I'm far from a performance expert, but my impression is:
It shows the call paths to the functions and what part each path took, that's not so obvious from the typical table. On the other hand, finding functions that are called quite a lot all over the place and add up is easier in the table, so it's not become useless.
> If you want to profile a multi-threaded application, you must give an entry point to these profilers and then maybe merge the outputs.
It basically boils down to (currently) doing multiprocessing profiling is a giant pain in the ass, you have to manually attach the profiler yourself if you ever launch another process, and every profiled process produces it's own output file.
It's not impossible, it's just very annoying. I've been vaguely meaning to write a thing which attaches to the fork() call and automatically starts the profiler in the child-process, and handles aggregating all the results back to a single output when all children exit.
Multi-process (<~1M) profiling is obviously bread and butter in the HPC world. That's what the tools I referenced are for primarily. The more recent Python targeting may not be so solid, especially if there's no good launch framework to hook into, which would be a good reason for using MPI.
Hah, and I'd love something like this for Common Lisp.
SBCL's sampling profiler is pretty finicky, and I haven't figured out yet how to use Linux-level profiling tools to get something useful out of a CL image.
And as a slightly different take than that of the person posting the issue - interfaces like kcachegrind are a pretty clunky (if powerful, in their clunky way) - the profiler coming with some built-in presentation and reporting of its own like the flamegraph and the realtime display is a big win and a serious deficiency in most python profilers.

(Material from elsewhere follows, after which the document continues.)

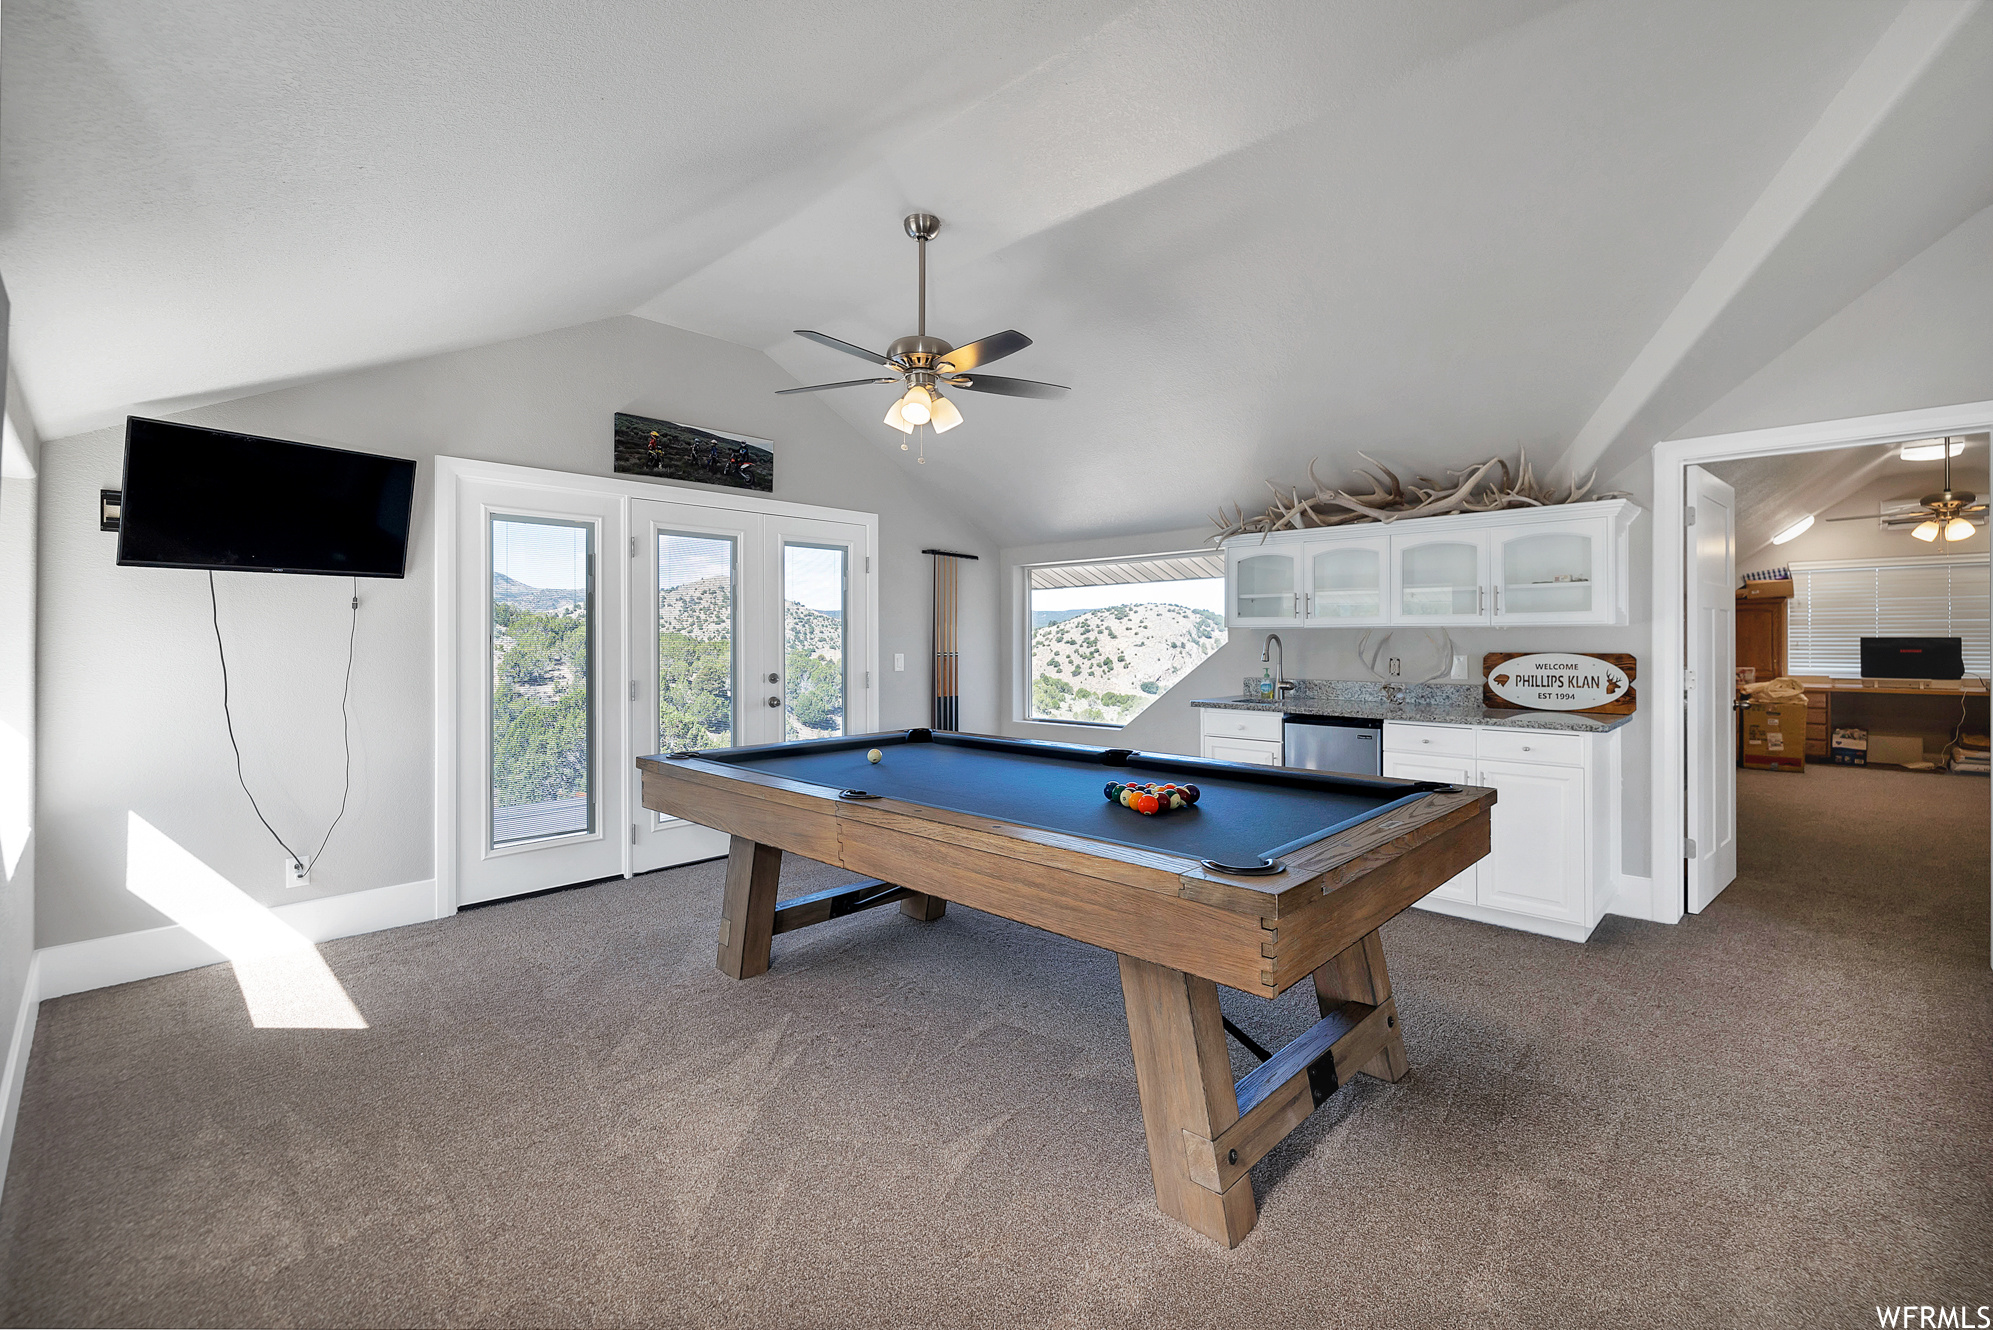 Game room featuring a ceiling fan, natural light, lofted ceiling, carpet, and TV

Does anyone know if there is something like this for Nodejs? Of course you can enable profiling, but it would be nice to be able to look at running processes.
Gave it a try, and wasn’t expecting to have to execute via sudo on macOS. I almost never use sudo, so this stands out as quite unexpected for a developer tool. Is there something off with my system, or are sudo privileges always going to be required on macOS?
Edit: I pip installed it into a virtualenv, if that matters.
Minor feature request: an explicit 'pause' button would make it easier to copy file paths from the output. Ctrl-S is a reasonable alternative, but it's a little hacky.
Also, it would be nice to somehow eliminate time spent in poll() from the results. I'm profiling a server process and 99.9% of the time is spent in a poll function. Perhaps there could be an option to disregard time spent in system calls rather than user code. Most of the time I'm interested in profiling only user code.
(Actually, I've been looking for a reason to play with Rust code. Maybe I'll try to add these features myself!)